Task goal —
Please copy, exactly as they appear below, the lines from the one containing "The corruption of" through the one containing "left side view".

Entries shown —
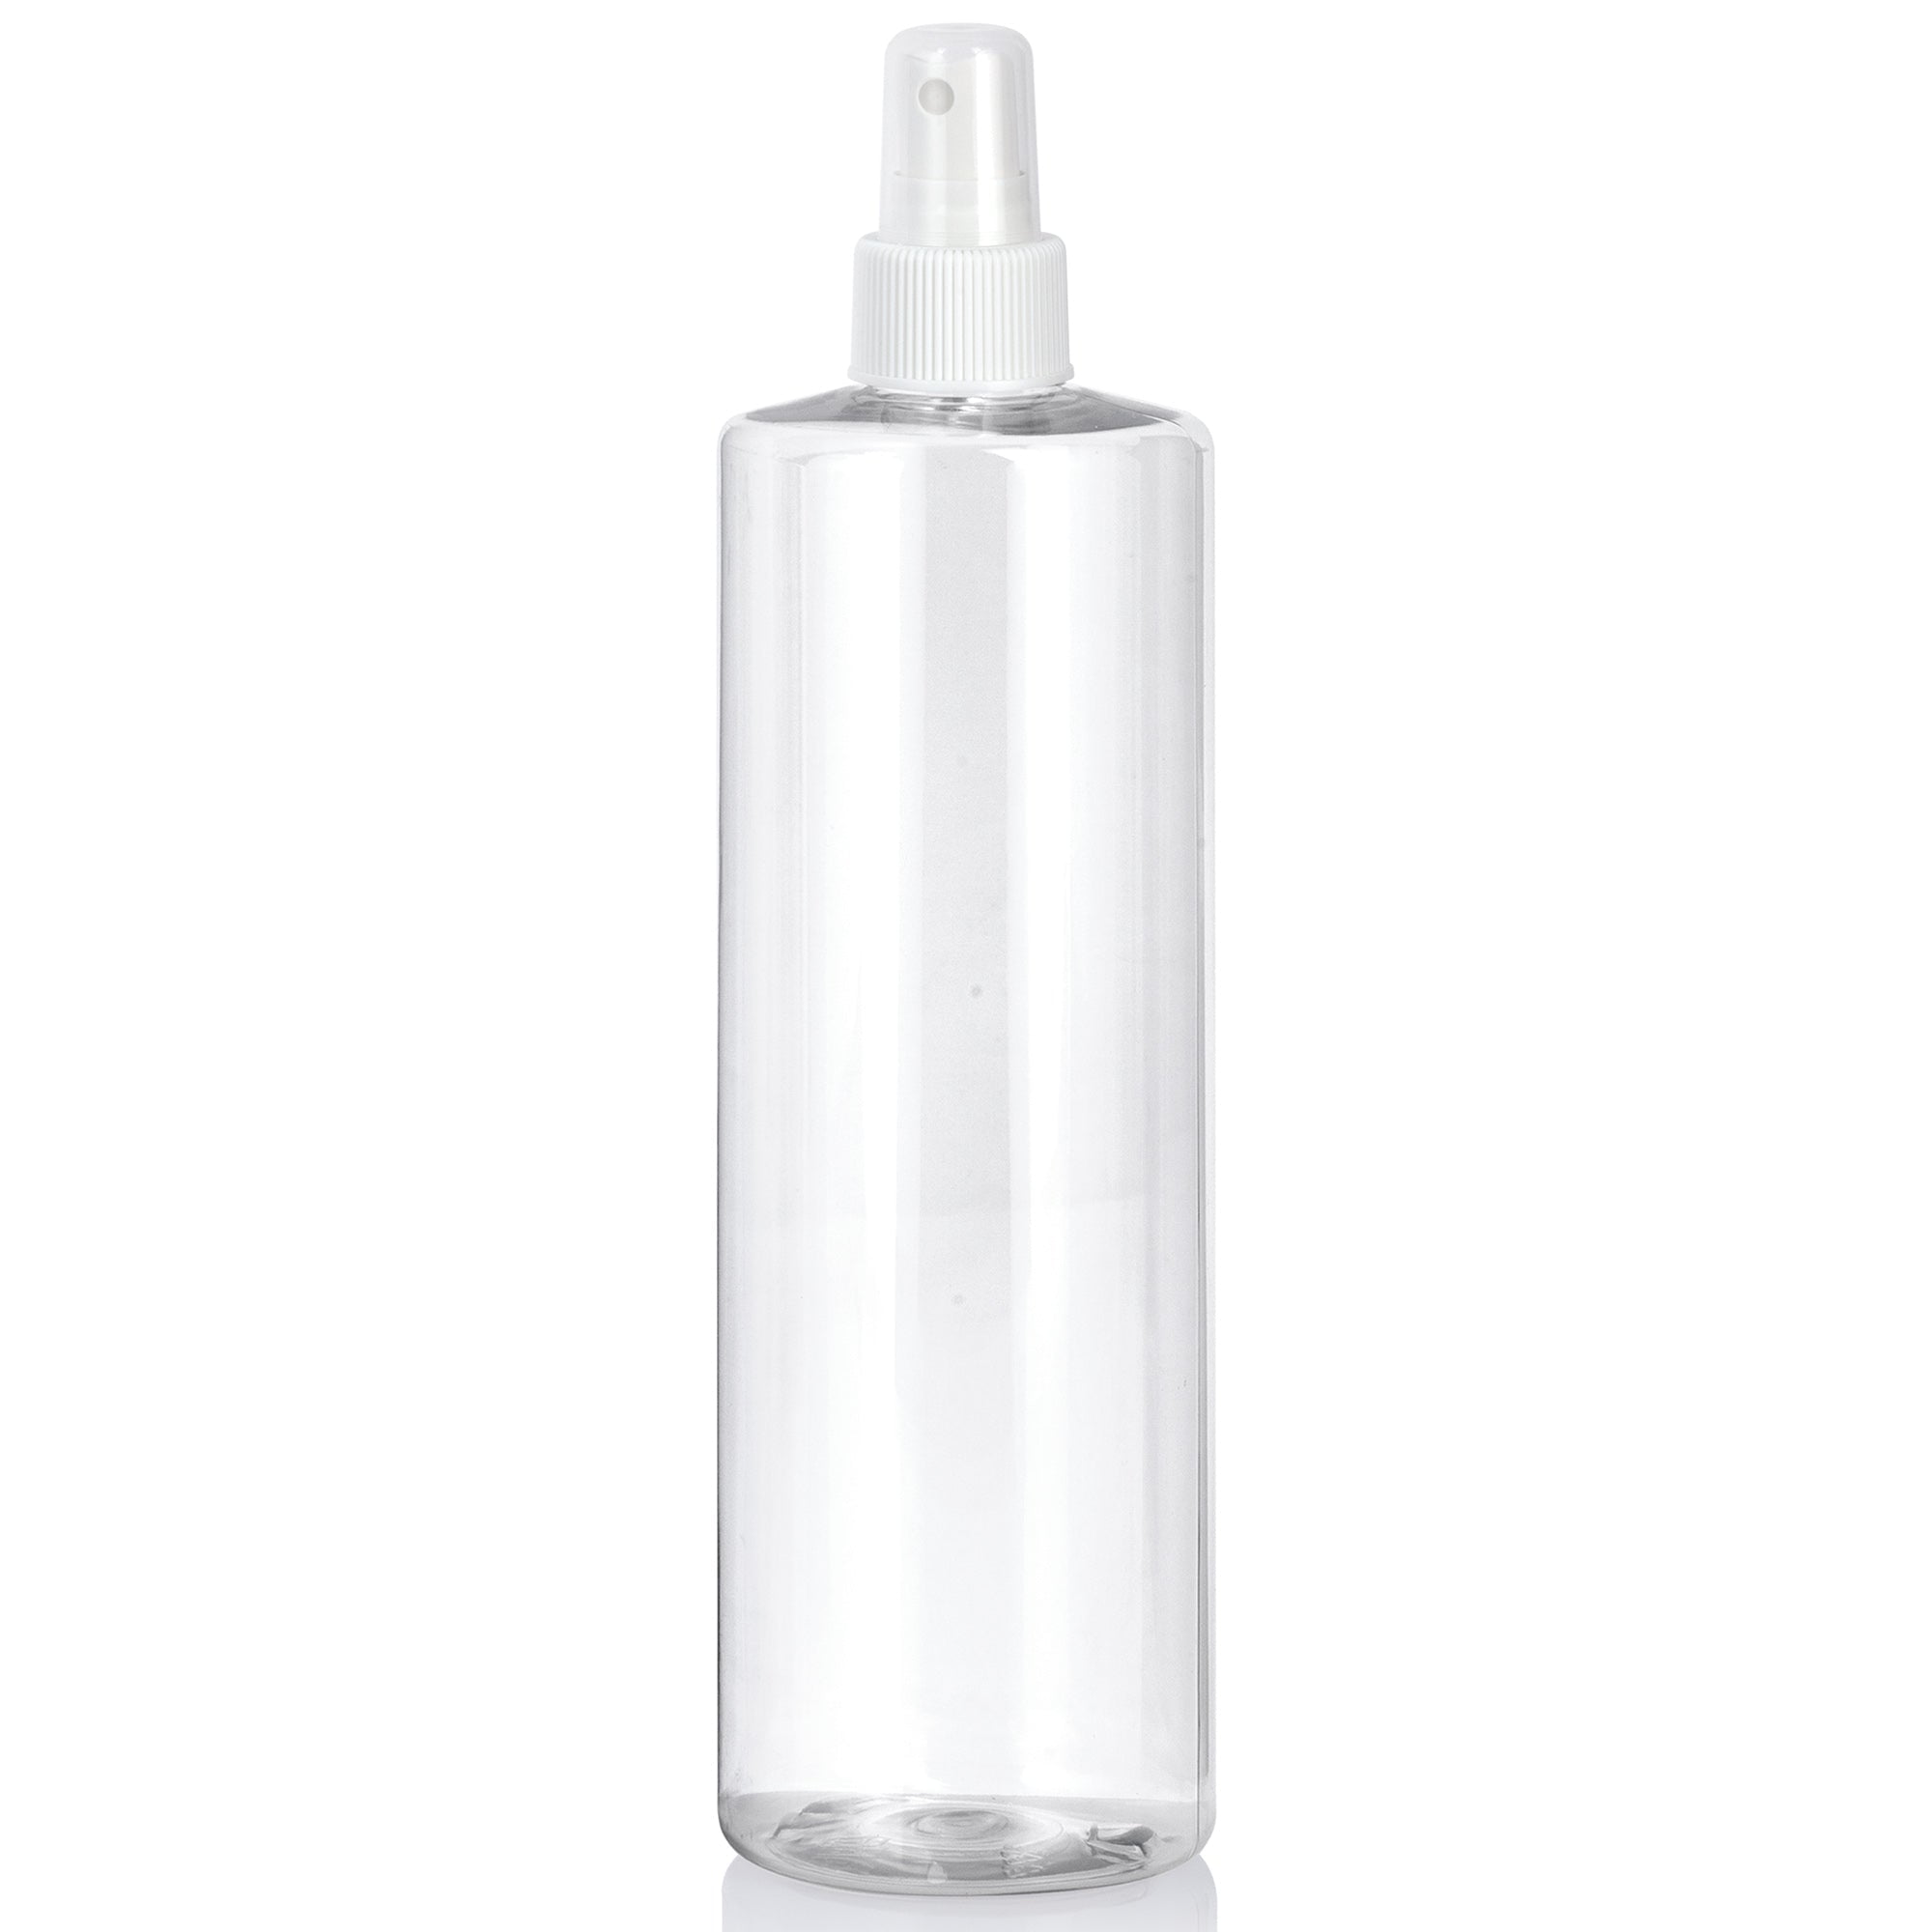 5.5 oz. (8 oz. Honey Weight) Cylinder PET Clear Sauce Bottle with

* * *

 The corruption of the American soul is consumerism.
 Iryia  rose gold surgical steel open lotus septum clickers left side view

* * *

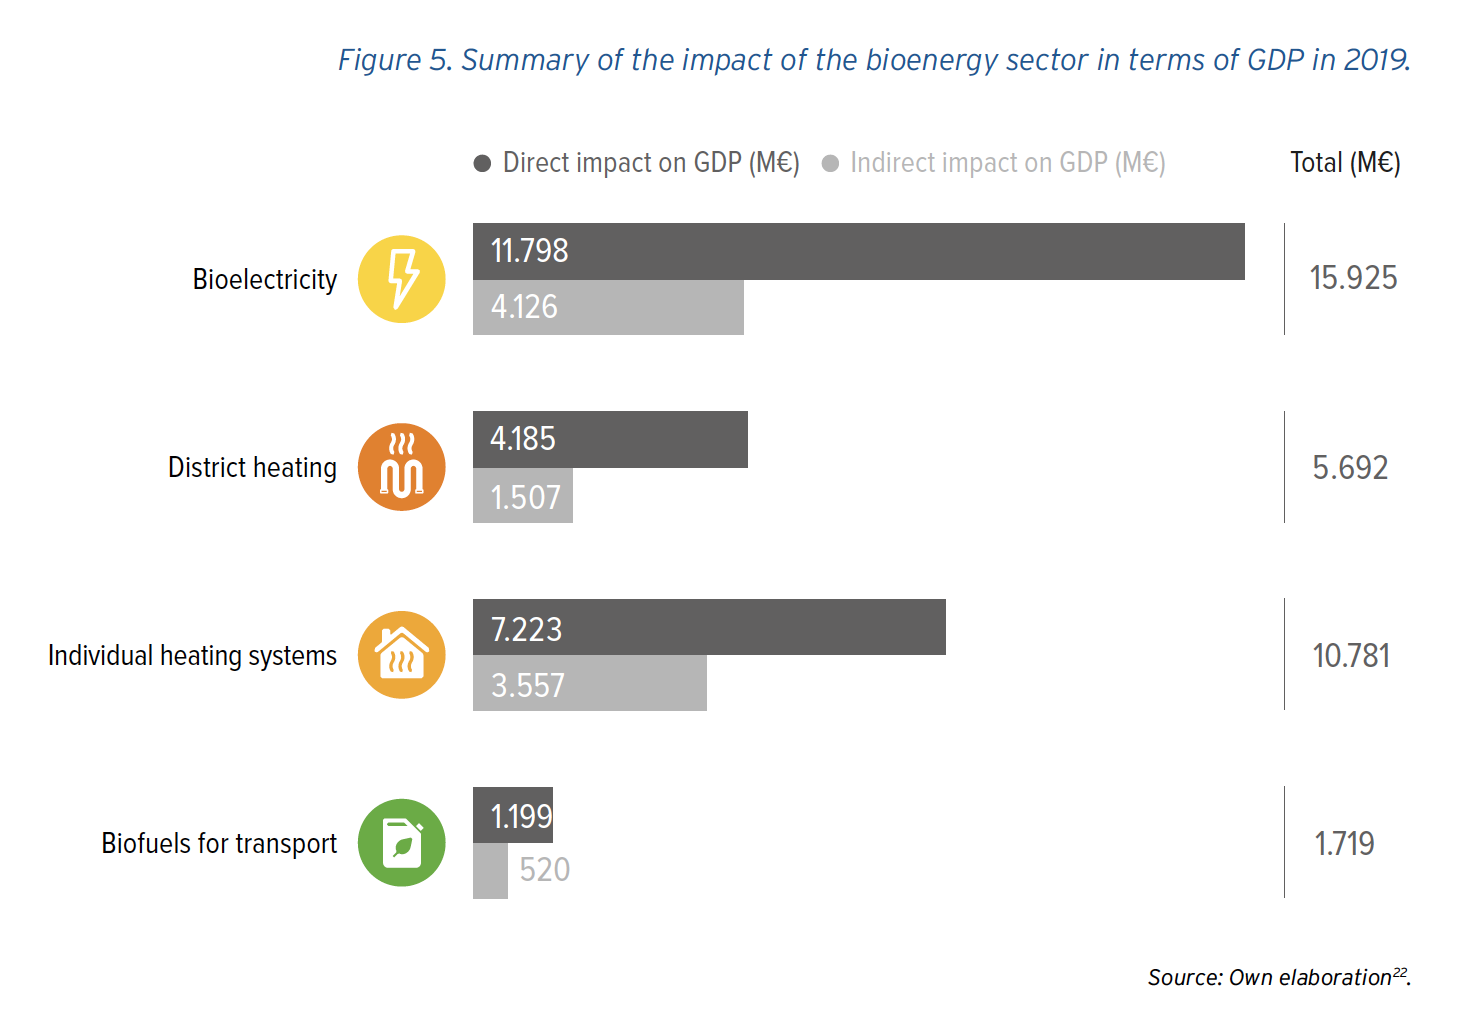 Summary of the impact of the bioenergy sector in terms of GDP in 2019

Result for this task —
 The corruption of the American soul is consumerism.
 Iryia  rose gold surgical steel open lotus septum clickers left side view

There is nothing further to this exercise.